The benefit of physical activity in type 1 diabetes (TIDM) was appreciated well before the more recent improvement and advances in diabetes treatment introduced by the Diabetes Control and Complications Trial (DCCT) [1–3]. Physical exercise in adolescents with TIDM is associated with improved lipid levels and lipoprotein (a) . It has also been found to have a positive effect on blood glucose control by improving insulin sensitivity, stimulating muscle glucose uptake, and subsequently leading to decreased insulin requirements [5, 6]. Other studies have found that not only is there an improvement in insulin sensitivity but that Physical Working Capacity, a measure of aerobic fitness, is also found to be improved with increased energy expenditure in adolescents with TIDM . The long-term benefits of exercise also include a reduced risk of coronary artery disease and stroke . Thus, routine physical exercise is integral in helping to prevent chronic diseases in all children, including those with diabetes.

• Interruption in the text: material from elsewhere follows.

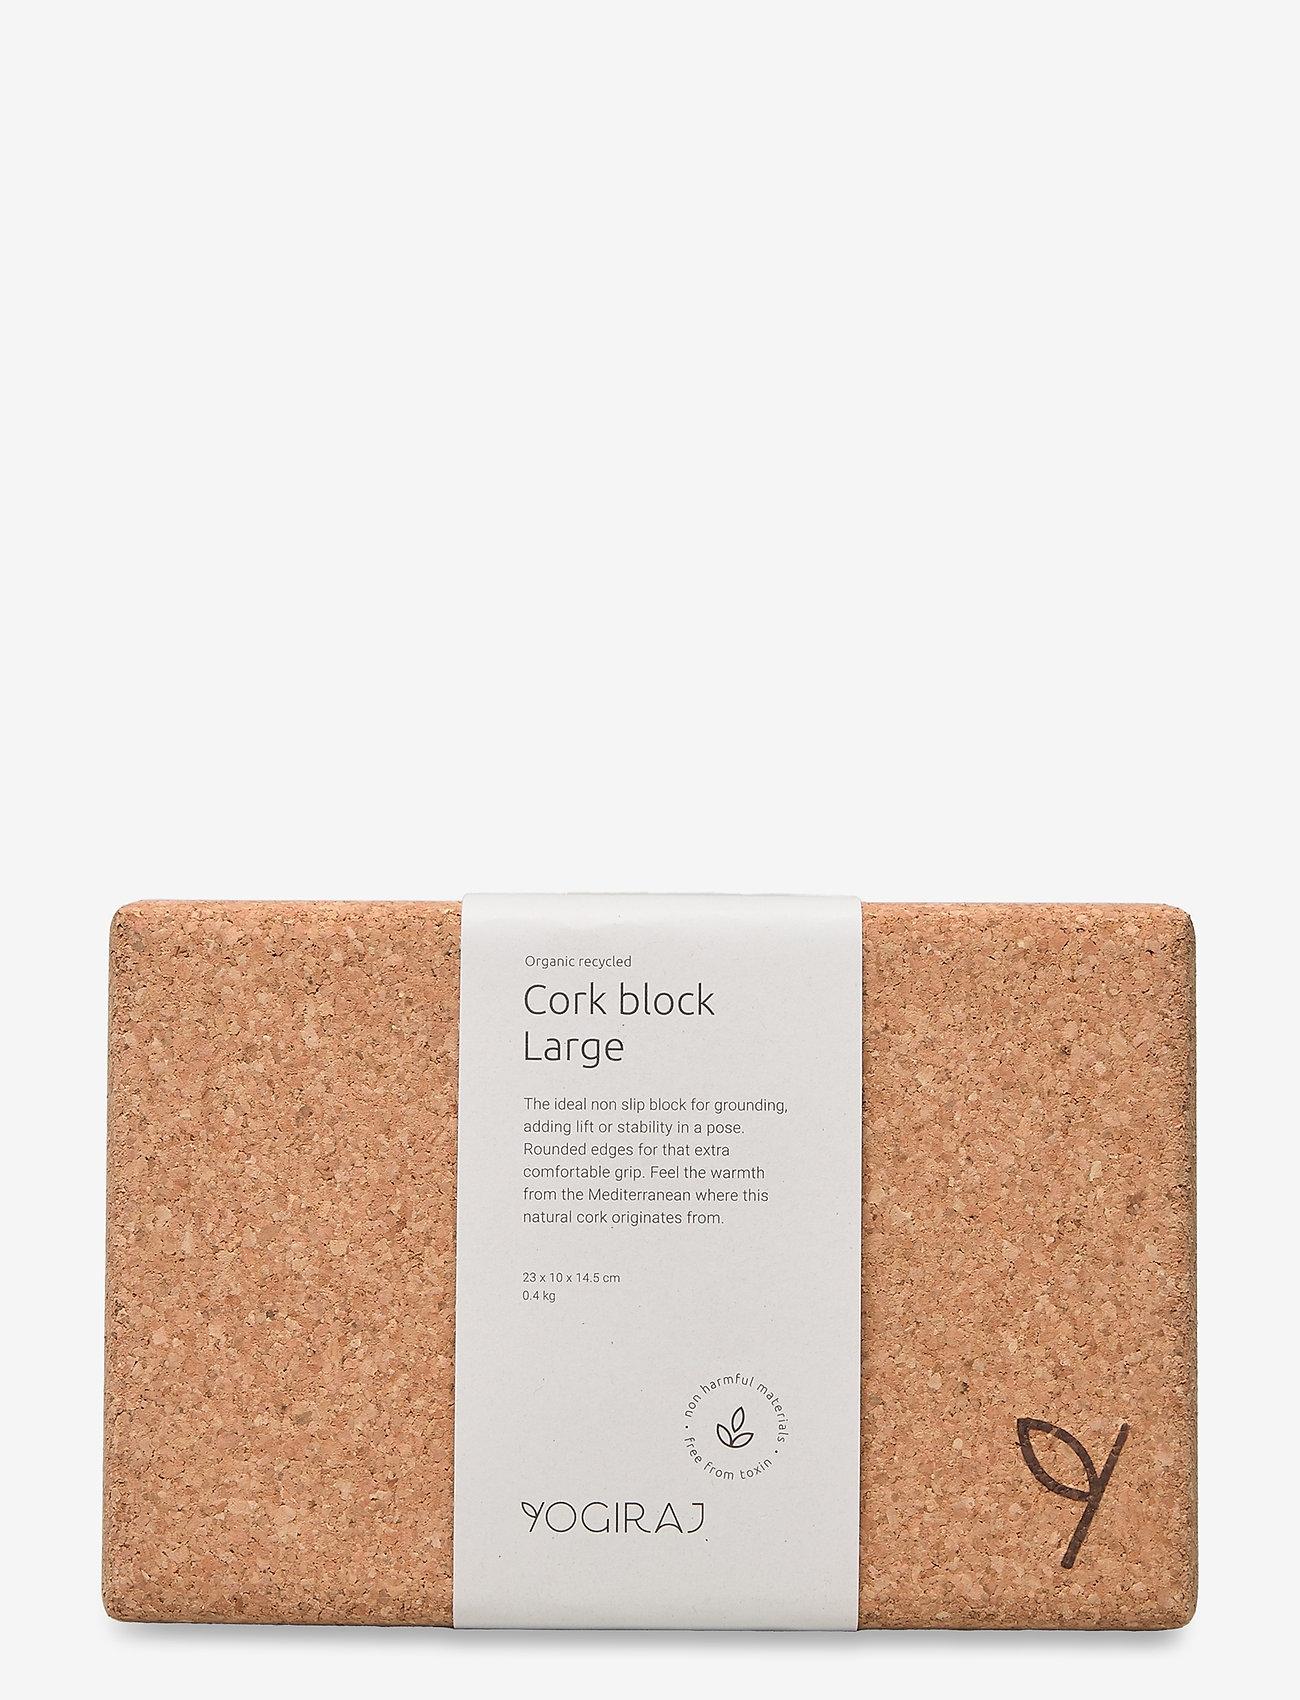 Yogiraj - Cork block, large - YOGIRAJ - yogamatten & ausrüstung - natural - 0

There are not only physical but also emotional benefits to routine physical exercise . In a study by Wiesinger, 23 otherwise healthy patients with history of TIDM underwent a 4-month exercise study and were found to have both improved metabolic control and also Health Related Quality of Life, a measure of daily functioning and general well being . Other studies have also found that physical activity is associated with a reduction in the symptoms of depression and anxiety  and with an improvement in self-esteem . Physical activity is therefore important in helping to foster growth and development during childhood.
However, recent data on the amount of physical activity among adolescent females with TIDM and its association with glycemic control are limited and often conflicting. Some studies have shown that improved A1c is associated with increased physical activity in women , but others have not found an association [14–16]. The few studies that have looked at physical activity in adolescent females are concerning in that they have found that there is a tendency toward less physical activity [15–17] and increased prevalence of obesity among adolescent females with TIDM . Thus, it is important to better understand if adolescent females with TIDM are also at increased risk for less physical activity and to better understand the relationship between physical activity and glycemic control.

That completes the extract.